Programming languages are the main instrument for software development. Programming paradigms at a higher level of abstraction free programmers from being burdened with low-level details which eases the development of software with more complex functionality.
An interesting new trend is the influence of abstract interpretation and other sound static analysis techniques in programming language design, beyond the standard applications to debugging, verification, and optimization. For example, inferring type definitions (shapes) and many other data and control-related properties allow untyped languages to inherit --and in some cases even supersede-- some characteristics of strongly typing languages. Language designers can shift attention from type systems and type checking to the more general arena of assertion languages and assertion inference.
This approach involves a tight integration between programming and specification languages, in the spirit of design by contract. We propose to investigate language designs where programming and specification languages are blended together, and many properties can be defined within the source language. In this case, some uses of run-time verification emerge naturally as checking assertions that are unresolved at compile time.

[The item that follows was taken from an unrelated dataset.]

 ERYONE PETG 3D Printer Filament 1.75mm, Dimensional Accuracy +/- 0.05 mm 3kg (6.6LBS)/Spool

Assertion languages should allow expressing specifications in a precise way as well as to support semantic-based interoperability, and allow the description of properties at different levels of abstraction. The assertion language also serves as the communication vehicle between a programmer and an interactive compiler. Additionally, a single language can potentially allow the programmer to document, test, modify, maintain, and compose components, thus being useful throughout the whole software development process.

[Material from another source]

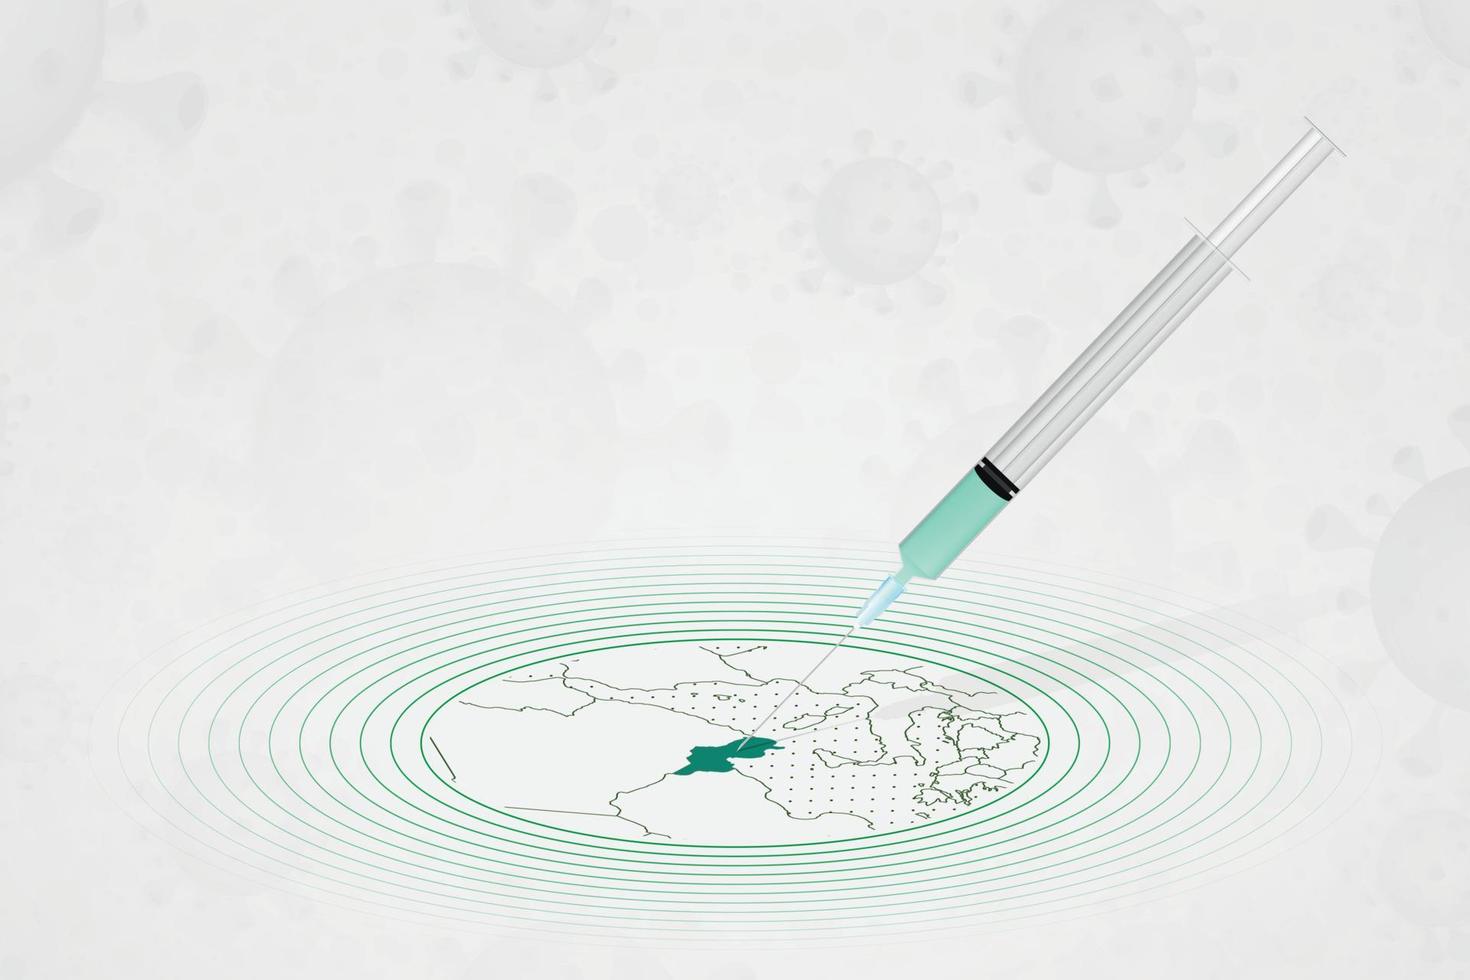 tunesië vaccinatie concept, vaccin injectie in kaart van tunesië. vaccin en vaccinatie tegen coronavirus, covid-19. vector

Another effect of abstract interpretation-based programming language design is that extensive sound optimizations can be enabled by the developer. For example, generic code does not necessarily incur in any performance penalty. Instead, the information obtained from global analysis can allow a specialization and subsequent optimization that trims the overhead due to generic instantiation.
Another application of this principle is the development of languages which combine the power of several paradigms. This allows the study of how the different characteristics of these paradigms interact. Examples are improving support for applications which require concurrency or complex problem solving, which has been solved in different ways using different paradigms. As a more concrete example, constraint solving has been proved useful in applications including optimization, program analysis, or coordination of services, and it has also been shown that having a tight connection to constraint solving within a programming language can result in very compact, powerful, and efficient encodings of complex problems.
Many modern programming languages are not restricted to a fixed syntax and semantics, but rather consist of highly-extensible kernels upon which both the language designer and the programmer can build new abstractions. This approach greatly simplifies the development of application-specific languages tailored for a particular application area or domain.
In this topic we will focus on the development of a framework of tools upon which to experiment with new features and combinations of paradigms, as well as developing implementation technology. Naturally, this framework --being flexible and extensible --will benefit from being open-source code in order to build a community of contributing programmers and users.